今度の試験ではチャイコフスキーを歌おうと思っている。
とは言ってもまだ先生にも言っていないので、また一波乱有るのは間違いない。でも、私の中ではかなり固い、決意とも似た感情がココロを占めている。
わたしとチャイコフスキーの出会いはおそらく小学校時代、バレエ音楽としてであったように思う。いつのまにかピアコンの1番は知っていたし、親の影響でクラシック音楽漬けな幼少期だったので、正確にいつからチャイコを知っていたかについては定かでないが、とにかく、チャイコフスキーをそれと認識したのはバレエであったろう。バレエをやめてからも、チャイコを聴くとなんとなく体が動いてしまう……バレエをかじった人なら多くの人が同意してくれるのではないだろうか。チャイコは本当に、なんでこんなに分かってらっしゃるのだろうと思えるほど踊りだしたくなる音楽を書いて下さった。
しかし、彼が100曲を越える歌曲を書いているということは最近まで知らなかった。一昨年、単身渡ったベルギーの講習会で、ロシア人の美人歌手がラフマニノフの歌曲をそれはそれは美しく歌っているのを聴いたのが、ロシア歌曲との初めての遭遇だった。
わたしとロシア語の出会いは、……いったいいつだろう? これもよく思い出せないが、世の中にロシア語があると知ったのは随分幼いときだったと思う。

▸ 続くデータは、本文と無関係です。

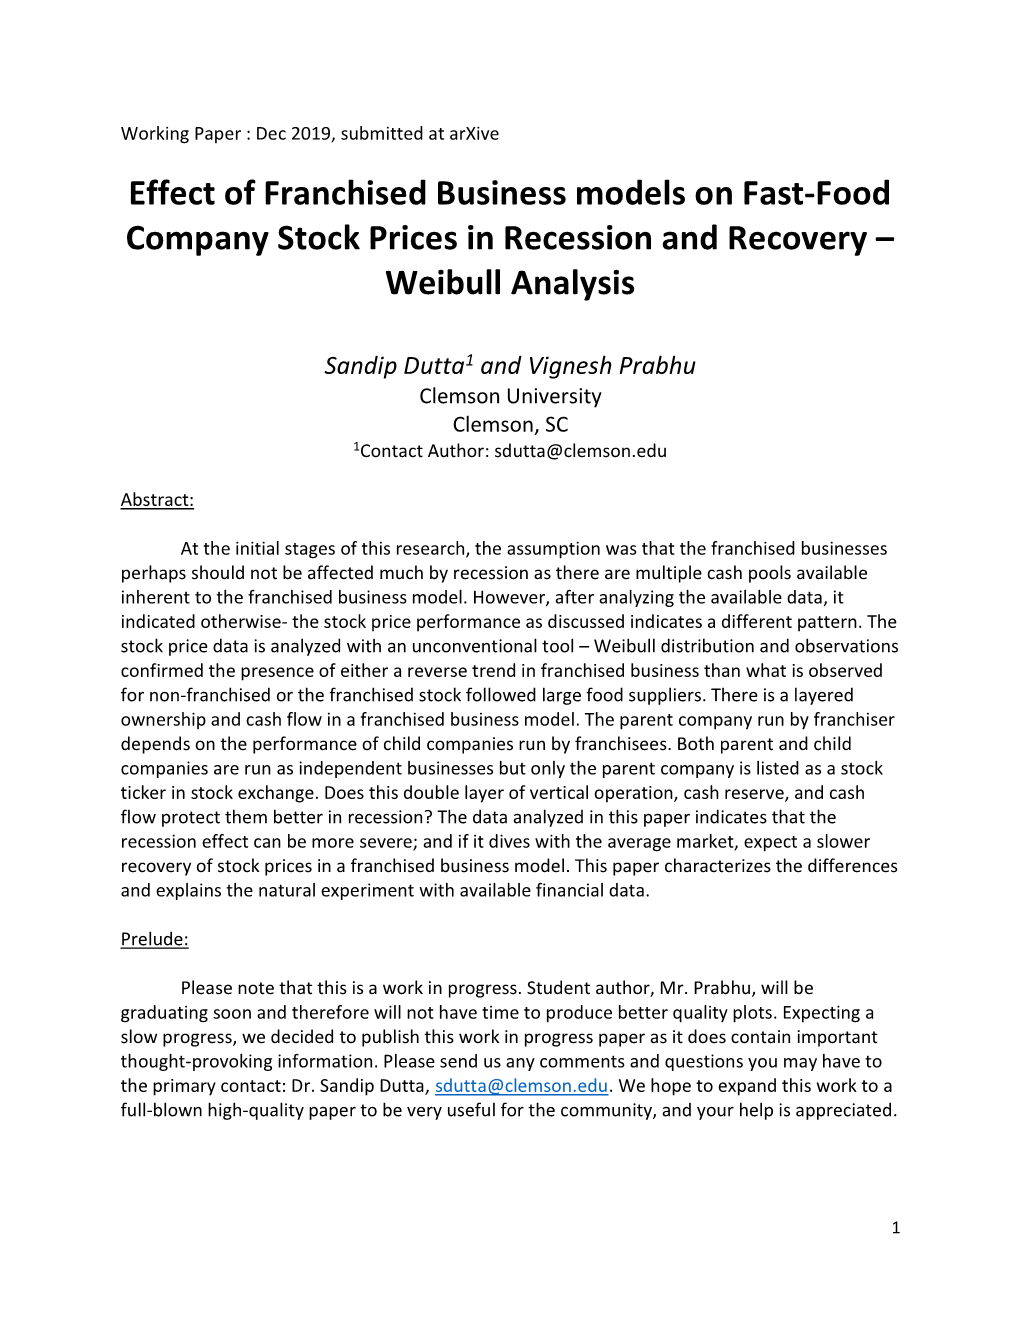 Effect of Franchised Business Models on Fast-Food Company Stock Prices in Recession and Recovery – Weibull Analysis

もう亡くなった大叔父がたいそう変わり者で、ドストエフスキーの師匠、ネクラーソフの研究者だったのである。私が小さい頃、英語が出来ない!と騒いでいたら「なんで英語なんかが出来ないの」と言われた、らしい。覚えていないが。そりゃあロシア語に比べれば簡単でしょうねぇ……
そんなわけでロシア語という言語はずっと私の中でひっかかっていたのだった。そして、去年の秋。ロシア語を習いだした。難しいし全然分からないけど、なんだかもう楽しい。というより、嬉しい。
大学入学前からドイツリートをやっていて、1年の期末試験はブラームス。2年の期末試験もドイツリートにするつもりが、自然とドヴォルザークにいきつき、今年はチャイコフスキー。自分の中では流れとして全く破綻がないのだが、どこが終着駅なのか、どこに腰を据えるべきなのか心配ではある。でもロシアまで来てしまったのには色々な因果を感じる。チェコ語をやりたいとか言っていた時期もあったけれど、今のモチベーションはやっぱりロシアかな。ドイツは、もちろん、バッハという作曲家が居る限り去ることは出来ないのですが……それにもちろん、ドイツとロシアは歴史的に切っても切れない縁にありますし。
インターネットで調べてもロシア歌曲はなかなかイイページが少ないし、勉強ついでに作るのもいいかなぁと夢想している三が日でした。